Ensure generated passwords meet minimum complexity

Windows has a complexity requirement of at least three of these
criteria:
- one or more upper case characters
- one or more lower case characters
- one or more numbers
- one or more special characters

In some cases, the passwords generated didn't meet three of these four
critera. This change enforces that three of these criteria will be
met in the generated passwords.

Change-Id: Ibe0055b8830b426aee1c9b722cc2fae2f5db4c5c

nova/utils.py

@@ -351,13 +351,13 @@ def generate_uid(topic, size=8):
 
 # Default symbols to use for passwords.

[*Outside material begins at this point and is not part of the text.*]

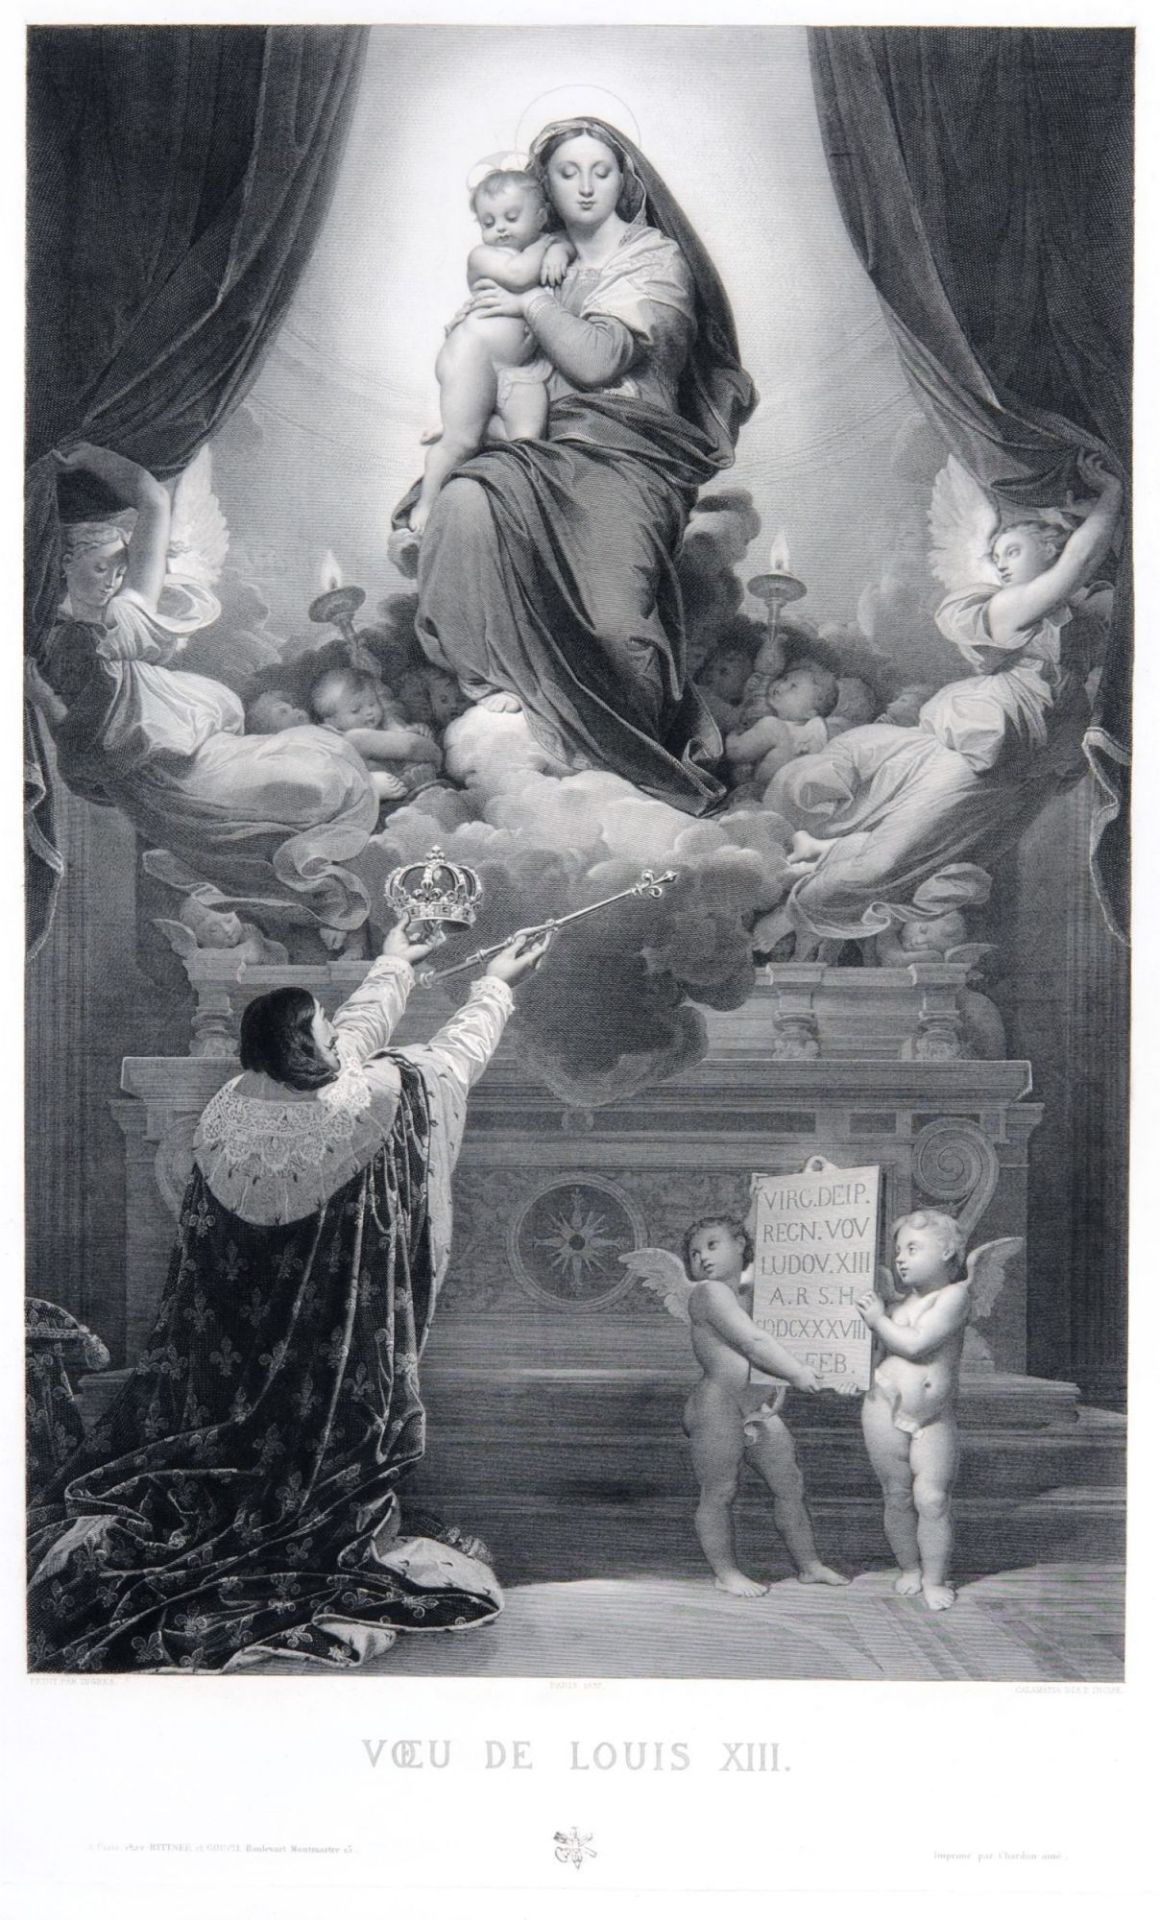 Luigi Calamatta "Voeu de Louis XIII.". 1837.

Avoids visually confusing characters.
 # ~6 bits per symbol
-DEFAULT_PASSWORD_SYMBOLS = ('23456789'  # Removed: 0,1
-                            'ABCDEFGHJKLMNPQRSTUVWXYZ'  # Removed: I, O
+DEFAULT_PASSWORD_SYMBOLS = ('23456789',  # Removed: 0,1
+                            'ABCDEFGHJKLMNPQRSTUVWXYZ',   # Removed: I, O
                             'abcdefghijkmnopqrstuvwxyz')  # Removed: l
 
 
 # ~5 bits per symbol
-EASIER_PASSWORD_SYMBOLS = ('23456789'  # Removed: 0, 1
+EASIER_PASSWORD_SYMBOLS = ('23456789',  # Removed: 0, 1
                            'ABCDEFGHJKLMNPQRSTUVWXYZ')  # Removed: I, O
 
 
@@ -421,14 +421,37 @@ def usage_from_instance(instance_ref, **kw):
     return usage_info
 
 
-def generate_password(length=20, symbols=DEFAULT_PASSWORD_SYMBOLS):
-    """Generate a random password from the supplied symbols.
+def generate_password(length=20, symbolgroups=DEFAULT_PASSWORD_SYMBOLS):
+    """Generate a random password from the supplied symbol groups.
+
+    At least one symbol from each group will be included. Unpredictable
+    results if length is less than the number of symbol groups.
 
     Believed to be reasonably secure (with a reasonable password length!)
 
     """
     r = random.SystemRandom()
-    return ''.join([r.choice(symbols) for _i in xrange(length)])
+
+    # NOTE(jerdfelt): Some password policies require at least one character
+    # from each group of symbols, so start off with one random character
+    # from each symbol group
+    password = [r.choice(s) for s in symbolgroups]
+    # If length < len(symbolgroups), the leading characters will only
+    # be from the first length groups. Try our best to not be predictable
+    # by shuffling and then truncating.
+    r.shuffle(password)
+    password = password[:length]
+    length -= len(password)
+
+    # then fill with random characters from all symbol groups
+    symbols = ''.join(symbolgroups)
+    password.extend([r.choice(symbols) for _i in xrange(length)])
+
+    # finally shuffle to ensure first x characters aren't from a
+    # predictable group
+    r.shuffle(password)
+
+    return ''.join(password)
 
 
 def last_octet(address):